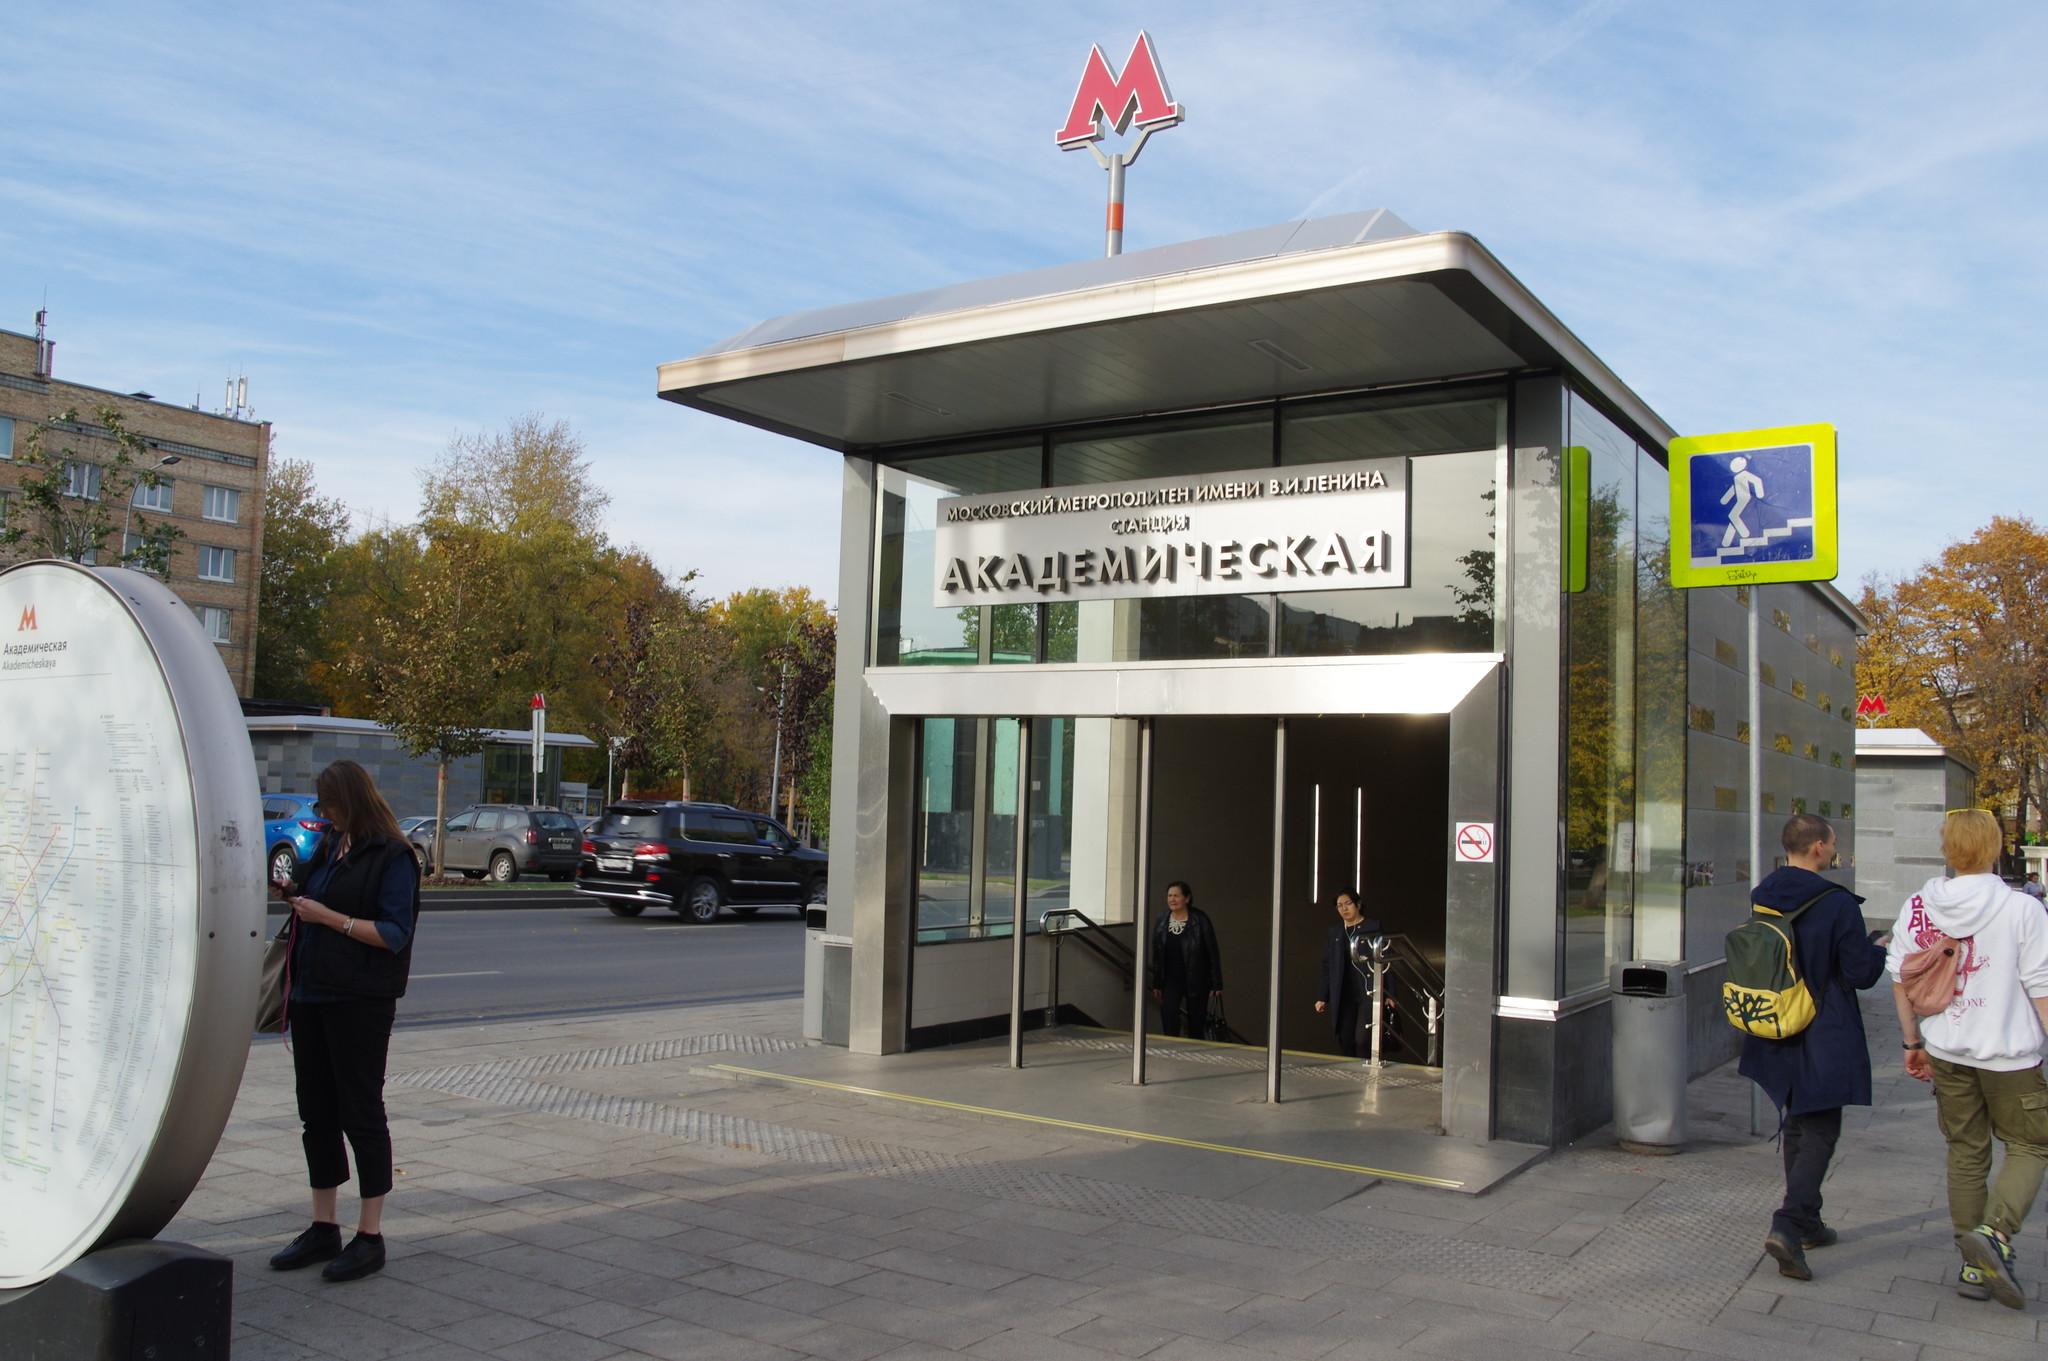 Станция «Академическая» Калужско-Рижской линии Московского метрополитена
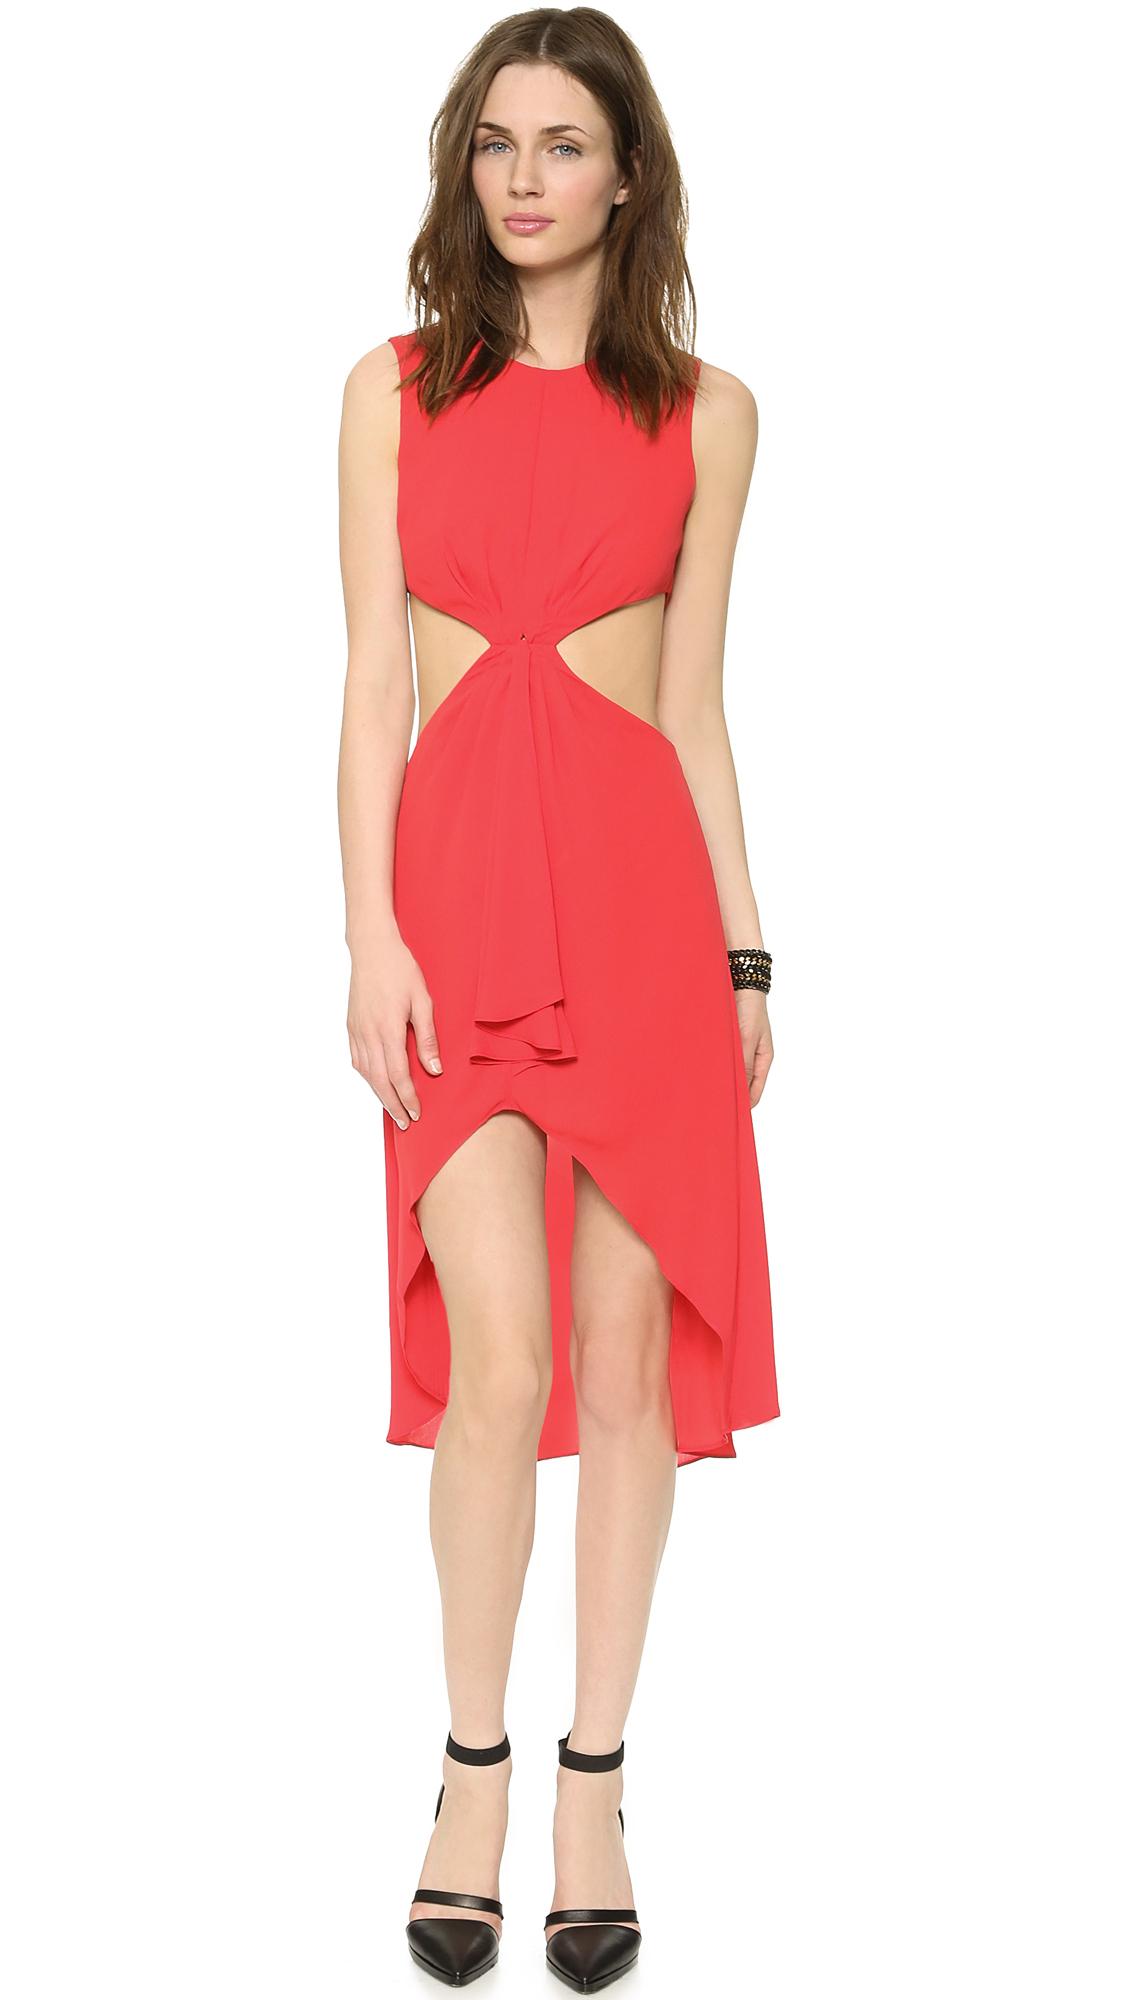 93d7c5cc4e Lyst - BCBGMAXAZRIA Victoria Side Cutout Dress - Lipstick Red in Red
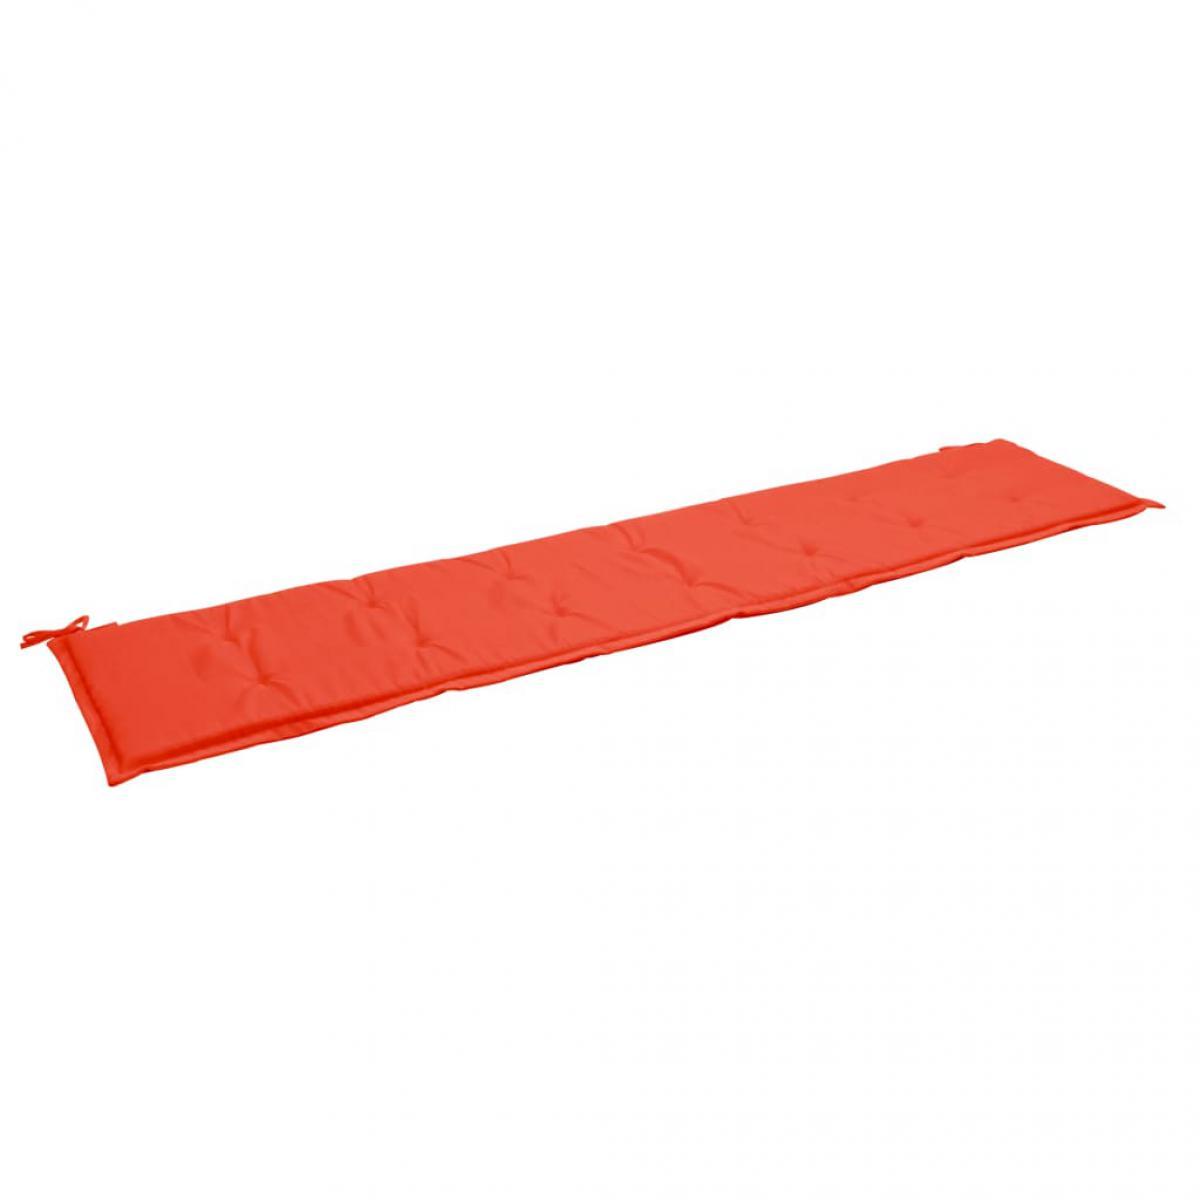 Decoshop26 Coussin de banc de jardin résistant à l'eau 200 x 50 x 3 cm 100 % polyester rouge DEC021738
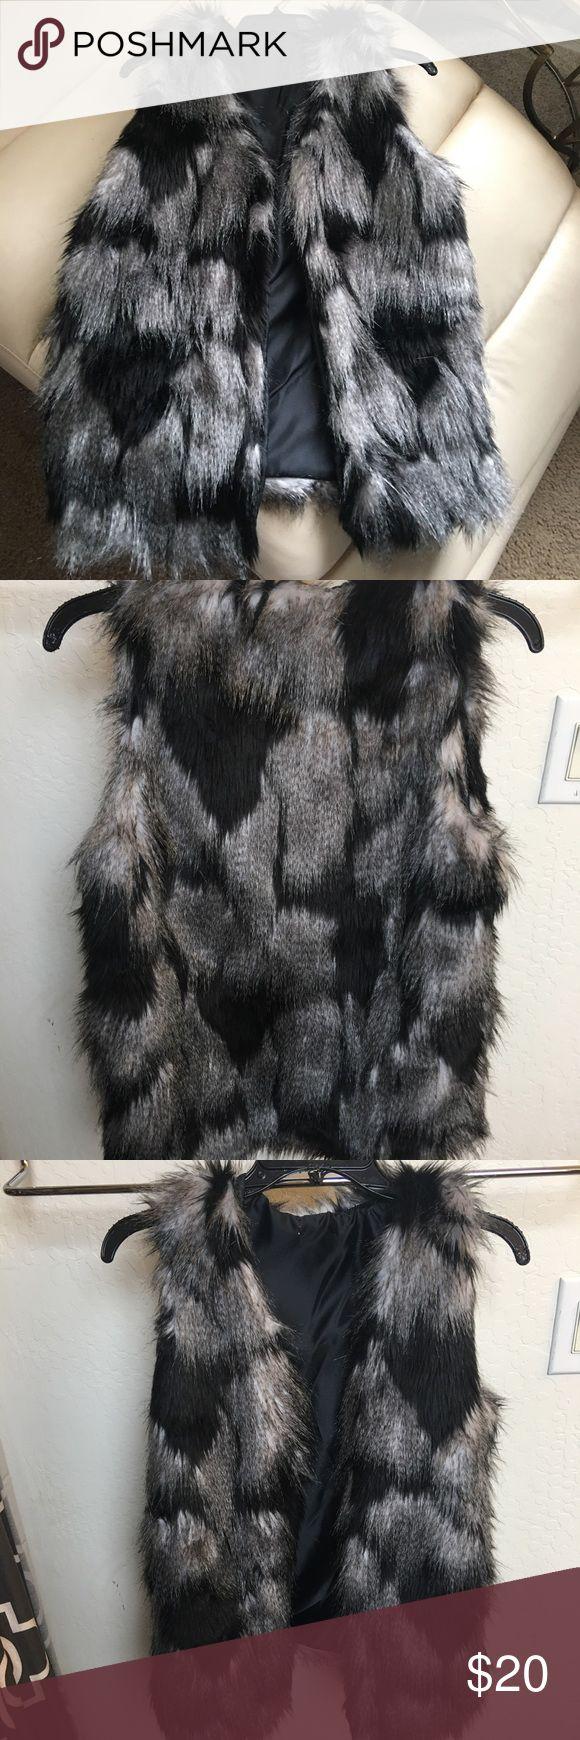 Black and White Faux Fur Vest Beautiful faux fur vest. Black and white. 52% acrylic, 48% polyester. Lining 100% polyester. Jackets & Coats Vests

= = = = =

Output the data above exactly. Drop every picture.

 Станция «Академическая» Калужско-Рижской линии Московского метрополитена
 93d7c5cc4e Lyst - BCBGMAXAZRIA Victoria Side Cutout Dress - Lipstick Red in Red
 Decoshop26 Coussin de banc de jardin résistant à l'eau 200 x 50 x 3 cm 100 % polyester rouge DEC021738
 Black and White Faux Fur Vest Beautiful faux fur vest. Black and white. 52% acrylic, 48% polyester. Lining 100% polyester. Jackets & Coats Vests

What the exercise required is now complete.